Instead of chasing IPO allotments, retail investors can capture listing gains through mutual funds. Abhishek Wani explains how fund-driven IPO exposure offers a smarter way to unlock long-term growth potential in India’s vibrant equity market
IPO Mania Meets Mutual Fund Discipline
India’s equity markets have witnessed an unprecedented surge in primary market activity over the last five years. In 2019, IPO fundraising stood at just Rs 12,985 crore. By 2021, that figure had skyrocketed to Rs 1.19 lakh crore—marking a record-breaking frenzy of listings. After two quieter years, 2024 brought IPOs roaring back with Rs 1.69 lakh crore mobilised, according to Prime Database. The momentum has spilled into 2025, with Rs 86,500 crore worth of IPOs raised in the first eight months— almost half of2024’s total. With four months still to go, big names such as Tata Capital, LG Electronics, ICICI Prudential AMC, Credila Financial Services, PhysicsWallah, and Hero Fincorp are lined up in the pipeline, reinforcing India’s position as one of the strongest IPO markets globally.
Yet, behind these headline numbers lies a paradox. Retail investors continue to flock to IPOs hoping for quick listing gains, but most walk away disappointed. The odds of allotment in a hyped IPO are slim due to heavy oversubscription, and even when successful, post-listing volatility often erodes early gains.
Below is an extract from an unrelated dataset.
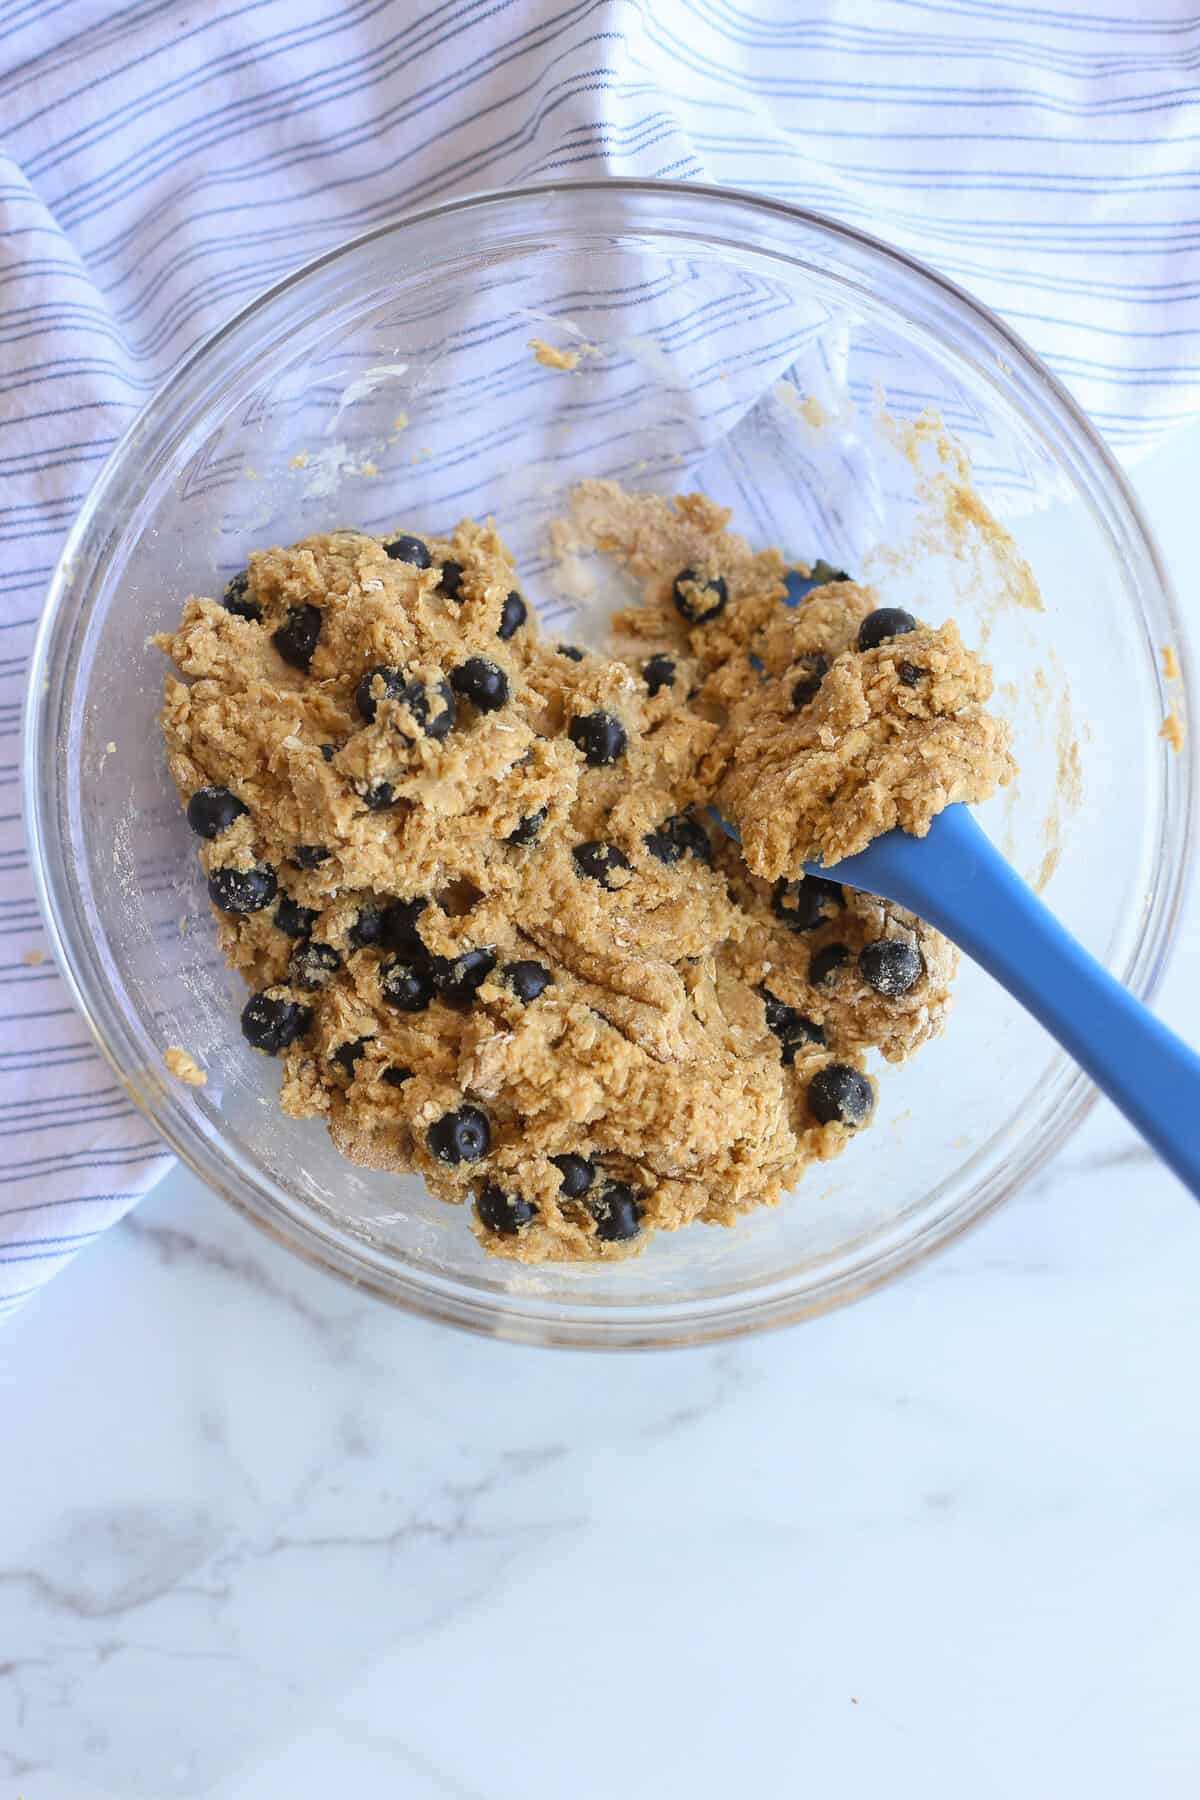 Batter for blueberry oatmeal muffins

For every blockbuster like Tata Technologies, there has been a cautionary tale such as Paytm, which debuted at loft)’ valuations only to lose nearly 60 per cent in its first year.
This is where mutual funds have emerged as a smarter channel to ride the IPO wave. Unlike individual investors caught in lottery-like allotment battles, fund houses leverage institutional scale, preferential allocations, and rigorous research to secure stakes in promising IPOs. Investors in equity or thematic funds automatically gain exposure to new listings—enjoying diversification, professional diligence, and smoother risk-adjusted returns.
The IPO Boom and Mutual Fund Participation
The year 2025 began on a cautious note, with global volatility, domestic rate concerns, and market corrections. Only 79 IPOs were listed in the first half, compared to 131 in 2024. But since March, momentum has revived—driven largely by SME and MSME companies tapping the markets. Investor confidence has bounced back, reflected in strong subscriptions and fundraising.
Mutual funds have been at the forefront of this revival. According to Ventura Securities, fund houses invested Rs 5,294 crore in IPOs during the June 2025 quarter alone, with a notable tilt towards small-cap companies. This signals a strategic shift away from the comfort of large caps towards emerging growth stories.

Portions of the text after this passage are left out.